Application de la Charte sociale européenne aux territoires d’Outre-mer : une « victoire pour les droits humains »
La France a annoncé le 19 mars étendre l’application de la Charte sociale européenne aux territoires d’Outre-mer. Une victoire saluée par Notre affaire à tous et Kimbé rèd FWI, qui le demandaient.
Deux associations de protection de l’environnement et des droits humains saluent une « avancée majeure », ayant une « importance particulière pour la reconnaissance et la protection des droits environnementaux », dans un communiqué de presse diffusé le 23 mars. Quelques jours auparavant, le 19 mars, le gouvernement français « a enfin acté inclusion intégrale et sans réserve des territoires dits d’Outre-mer » à la Charte sociale européenne, se réjouissent l’association antillaise de protection des droits humains Kimbé rèd FWI et Notre affaire à tous, spécialisée dans l’utilisation du droit pour la protection de l’environnement.
La Charte sociale européenne est un traité datant de 1961, reconnaissant un certain nombre de droits sociaux et économiques.
Un recours jugé irrecevable l’année dernière
La France a « toujours refusé d’acter l’applicabilité de ce texte (…) aux populations des ''Outre-mer'' », détaillent les ONG. « Cela était permis par une clause limitant l’application de ce traité au seul territoire ''métropolitain'', héritage colonial qui persiste ». Fin décembre dernier, Kimbé rèd FWI et Notre affaire à tous ont donc adressé une demande indemnitaire préalable à l’État, étape précédant la saisine du tribunal administratif, pour faire évoluer la situation.
« Cette avancée ouvre la voie à des actions en matière de justice environnementale, notamment pour garantir un accès effectif à l’eau potable et lutter contre des pollutions majeures comme celle au chlordécone », a commenté Sabrina Cajoly, fondatrice de Kimbé rèd FWI. Un recours déposé par plusieurs ONG dont Kimbé Rèd FWI, sur ces sujets, a été jugé irrecevable en mars 2025 par le Comité européen des droits sociaux, organe chargé du suivi de la charte, à cause de l’exclusion des territoires d’Outre-mer de la charte.

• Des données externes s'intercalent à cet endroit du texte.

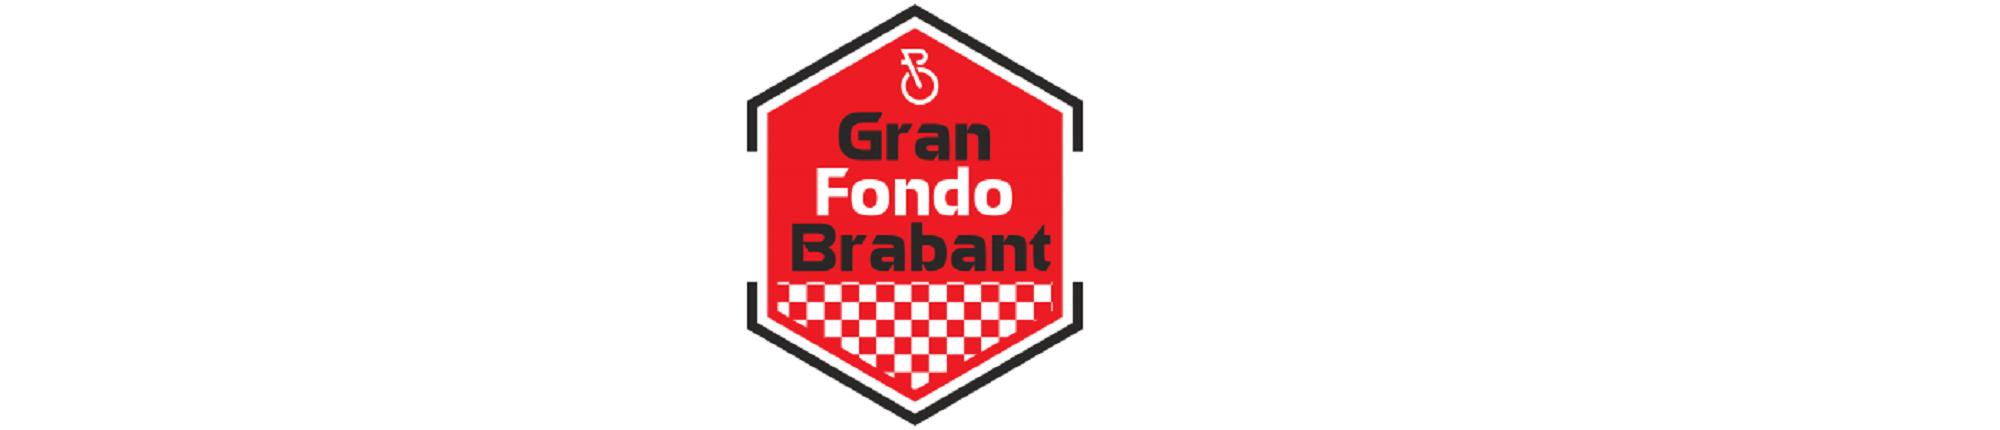 Wielerronde Gran Fondo Brabant 2019 – Den Bosch

Les « trois millions de personnes qui habitent ces territoires français (…) disposeront d’un véritable droit au recours en cas de violation de leurs droits économiques et sociaux, comme leur droit du travail, à l’éducation, au logement, à la santé, ou encore à l’eau potable et à un environnement sain », a abondé Jérémie Suissa, délégué général de Notre affaire à tous. Les deux organisations parlent d’une « victoire pour les droits humains ».
Un aviS de la CNCDH sur le sujet
La décision s’appliquera le 1er mai à la Guadeloupe, la Guyane française, la Martinique, Mayotte, La Réunion, Saint-Martin, Saint-Barthélemy et Saint-Pierre-et-Miquelon. À l’inverse la Nouvelle-Calédonie, la Polynésie française et Wallis-et-Futuna ne sont pas concernés car ils « répondent à un régime juridique différent », expliquent les associations.
En septembre 2024, la Commission nationale consultative des droits de l’homme (CNCDH) recommandait à la France de prévoir l’application du texte dans les territoires ultramarins. L’institution indépendante mettait en avant une « différence de traitement entre les populations », « contraire au droit international des droits humains ».
« En droit international, l’application d’un traité se rapporte à l’ensemble du territoire de l’État partie à moins qu’une intention différente soit prévue par ledit traité ou établie ailleurs », détaillait-elle alors. « Connues sous le nom de ''clauses coloniales'', elles sont devenues rares de nos jours, en particulier s’agissant des traités en matière de droits humains », jugeait-elle.